Inglis had the seasoned Steve Smith (52 off 41 balls) for company as the former skipper kept nudging and pushing apart from his eight boundaries in a stand of 130, dominated by the junior partner.
Prasidh Krishna (1/50 in 4 overs), who travelled around with the World Cup squad for a month, clearly didn't find any rhythm as it was Smith, who first creamed him for successive boundaries and then when his end was changed by Suryakumar, the fate didn't change as he was hit for three fours and a six by Inglis, who went on a rampage.

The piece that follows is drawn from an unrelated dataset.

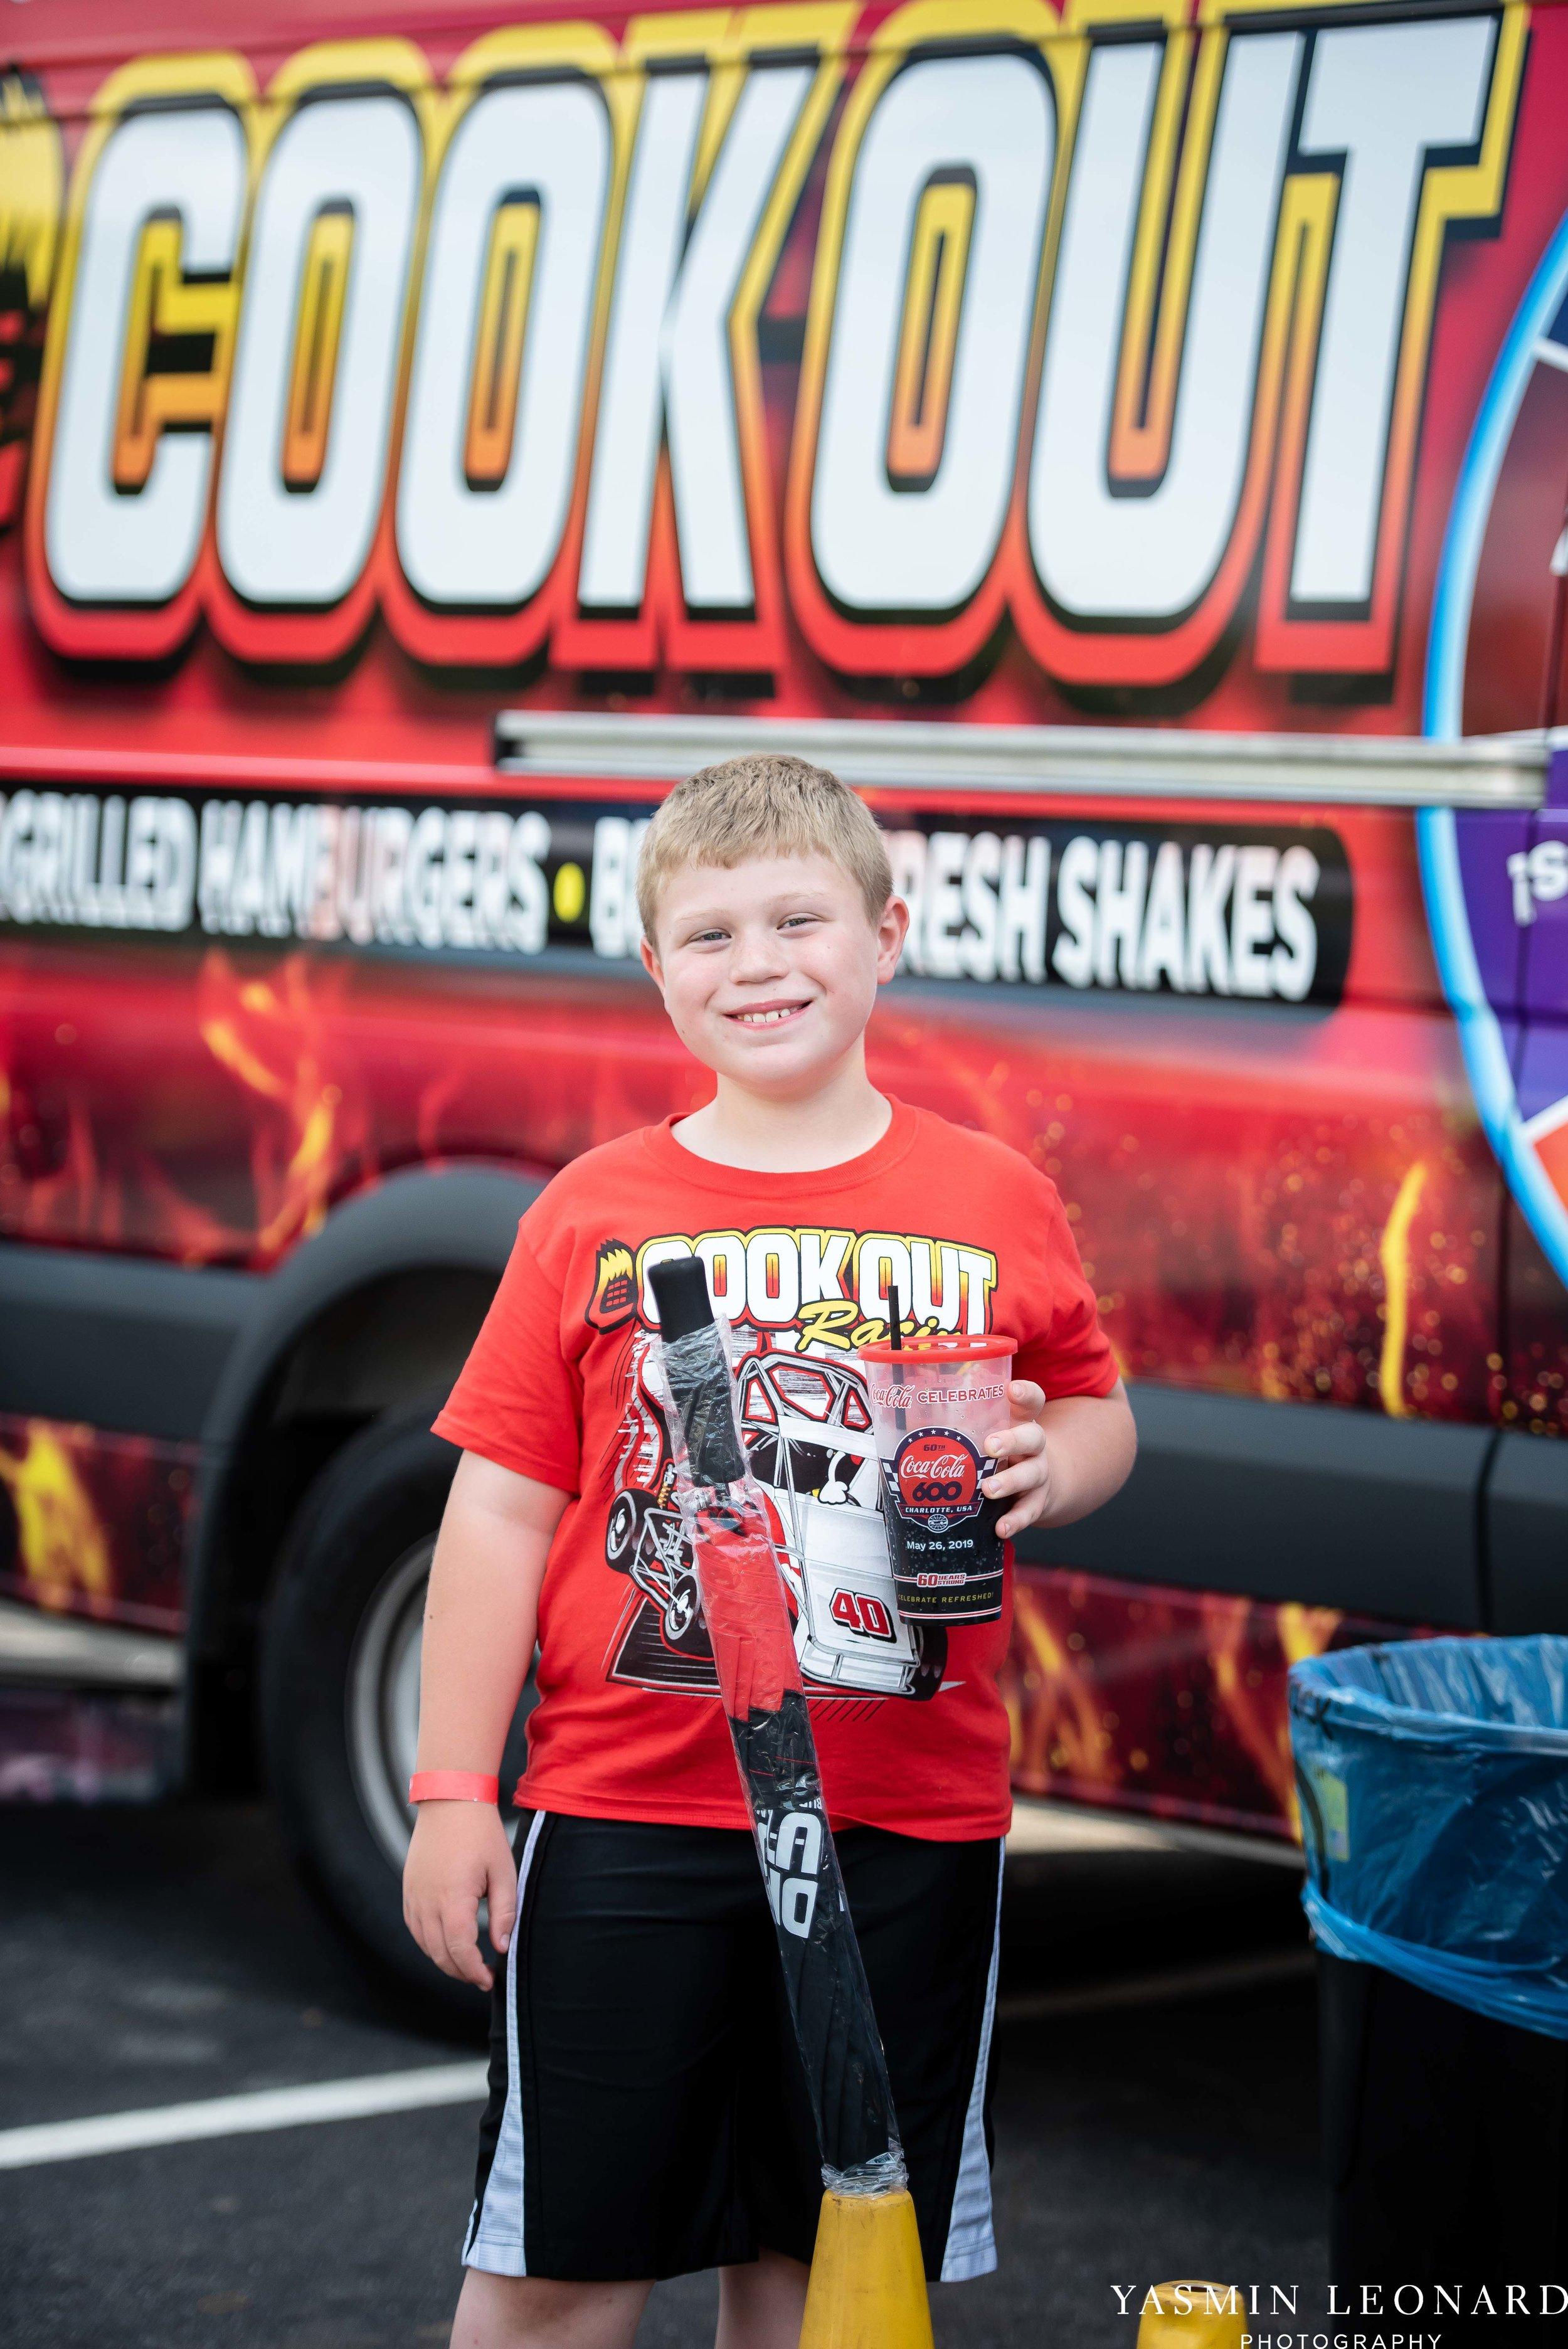 Cookout - CocaCola 600 - Coca Cola - Austin Dillon - Nascar - Nascar Meet and Greet - Yasmin Leonard Photography-21.jpg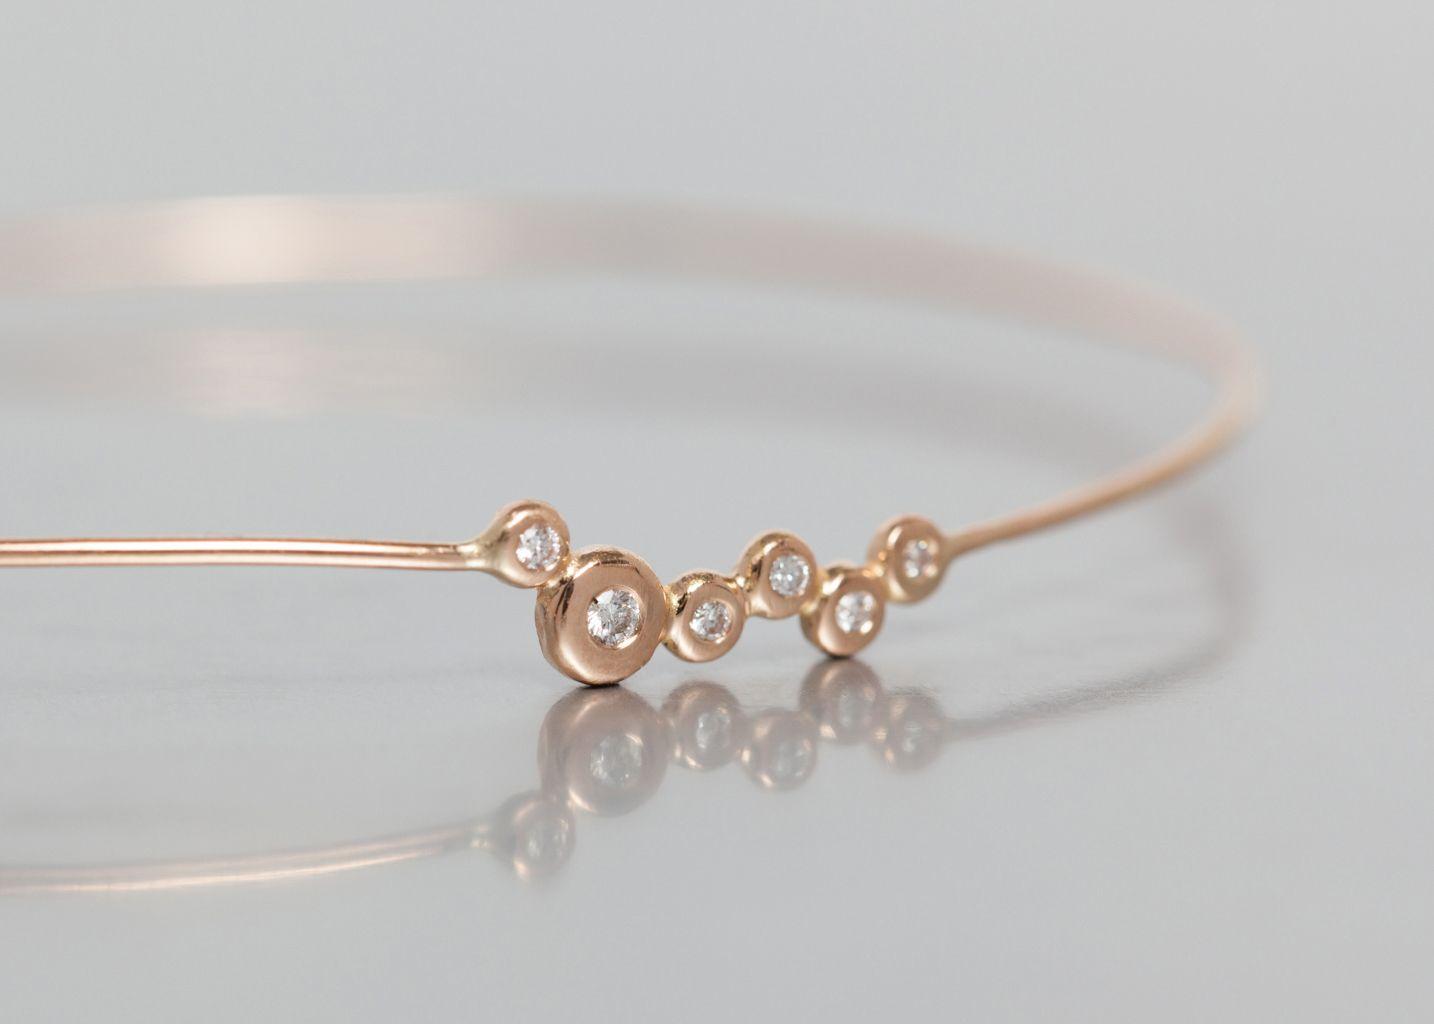 Bracelet Sofia - Monsieur

In fact, it was Bishnoi who drew the first blood getting Matthew Short cleaned up with a straighter one but then Inglis devised a plan that worked wonderfully well for him.
Knowing that Bishnoi primarily bowls fast googlies or just pushes one with the angle, he just moved away from stumps, hitting him over extra cover, leave aside pulling those half-trackers into the mid-wicket stands.
There were slog sweeps to fuller deliveries and Bishnoi looked out of sorts on a day when Yuzvendra Chahal, smarting after an unceremonious omission from T20I squad, took six wickets for Haryana in the Vijay Hazare Trophy, the national one-day championship.
Having been used to a stellar bowling show through the better part of the World Cup, the pasting that this second-string attack received from Australia must have shaken the likes of Bishnoi and Krishna, both of whom had 'half-centuries' to their names, albeit of a different kind.